Toda esta semana , por iniciativa do Grupo de Teatro da Universidade Lusíada de Lisboa ( GTUL) aí está o I Festival Lusíada de Artes do Espectáculo ( I FLAE) . Grupos de todas as Universidades do País ( ISTCE, Nova, Évora, UBI) mais os dois grupos da Lusíada ( GTUL e Cenatório , da Lusíada do Porto) vão animar as noites ( 21 h) ali em Telheiras no Auditório da Biblioteca Orlando Ribeiro. Todas as tarde nos jardins do "campus" da Lusíada de Lisboa, espectáculos gratuitos para toda a gente : comedia del arte, teatro chinês, "stand up comedy", etc . Quem disse que os estudantes não se interessam pelas artes do espectáculo ? I fly . E tu ?

Sylvia Plath

A excelente interpretação de Gwyneth Paltrow em "Sylvia" ( além do mais muito parecida fisicamente ) deu a conhecer ao público português a vida de Sylvia Plath ( 1932-1963) . Mas o filme vive sobretudo da relação conjugal com o escritor Ted Hughes e, na parte final, do melodramático suicídio de Sylvia . Mas esconde a verdadeira natureza desta mulher tão inteligente e bonita quanto estranha e desesperada.

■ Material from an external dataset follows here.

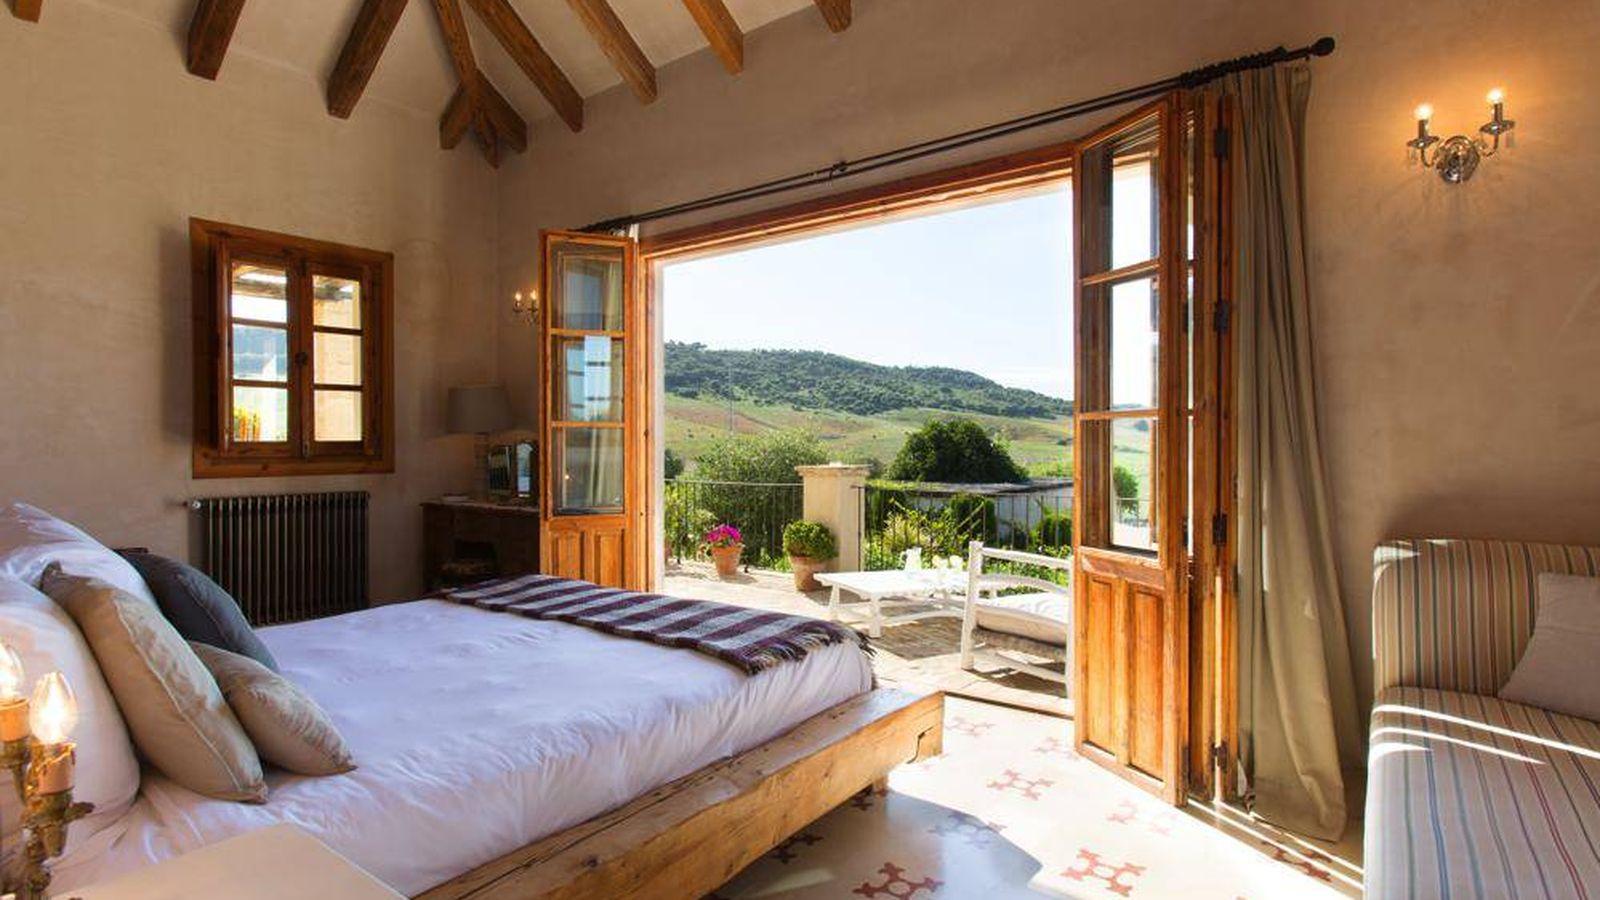 Viajes cuatro hoteles que son casas donde te encantar a for La mansion casa hotel apurimac
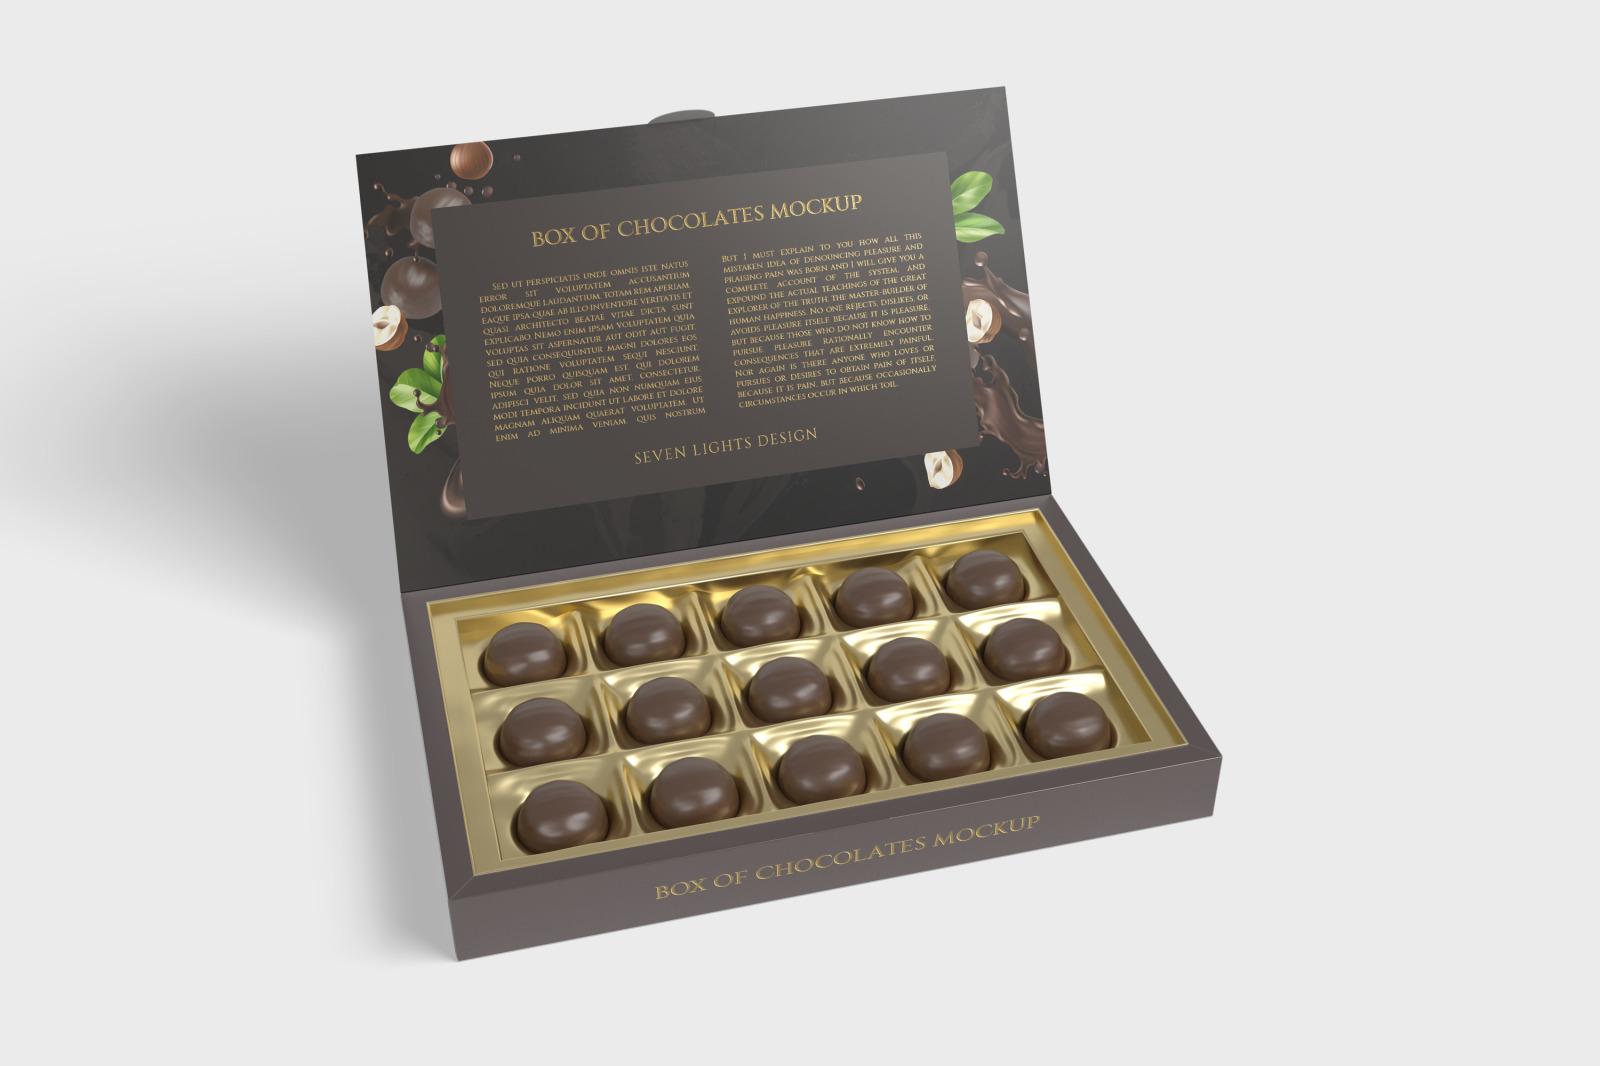 7款金箔效果巧克力包装纸盒设计展示样机 Box Of Chocolates Mockup插图(7)

E do seu destino. Existem algumas traduções portuguesas da poesia ( e da prosa) de Sylvia. É nessa poesia- forte, dilacerante, violenta mesmo- que o destino de Sylvia se traça . Como neste poema : " Morrer/ É uma arte , como outra coisa qualquer./ E eu executo-a excepcionalmente bem./Executo-a de forma parecer-se com o inferno/ Executo-a de forma a parecer real/Acho que se podia dizer que tenho um dom. / É bastante fácil executá-la numa cela/ É bastante fácil executá-la e ficar como se nada fosse./É cena de teatro". " Ou neste outro : " For the eyeing of my scars, there is a charge/ For the hearing of my heart- / It really goes/."

sábado, abril 01, 2006

33,3%

A nova lei ( ainda em projecto) prentende reservar às mulheres uma representação na vida política ( deputadas sobretudo) calculada em um terço . Para quê ? Não valia uma só Natália Correia por todas as poucas mulheres e muitos homens que lá andavam ? " Já que o coito- diz Morgado/ Tem como fim cristalino/ Preciso e imaculado/ Fazer menino ou menina/ E cada vez que o varão/ Sexual petisco manduca/ Temos na procriação/ Prova que houve truca-truca/ Sendo pai de um só rebento/ Lógica é a conclusão/ De que o viril instrumento/ Só usou-parca ração!-/ Uma vez. E se a função/ faz o órgão-diz o ditado-/ Consumada essa a operação/ Ficou capado o Morgado"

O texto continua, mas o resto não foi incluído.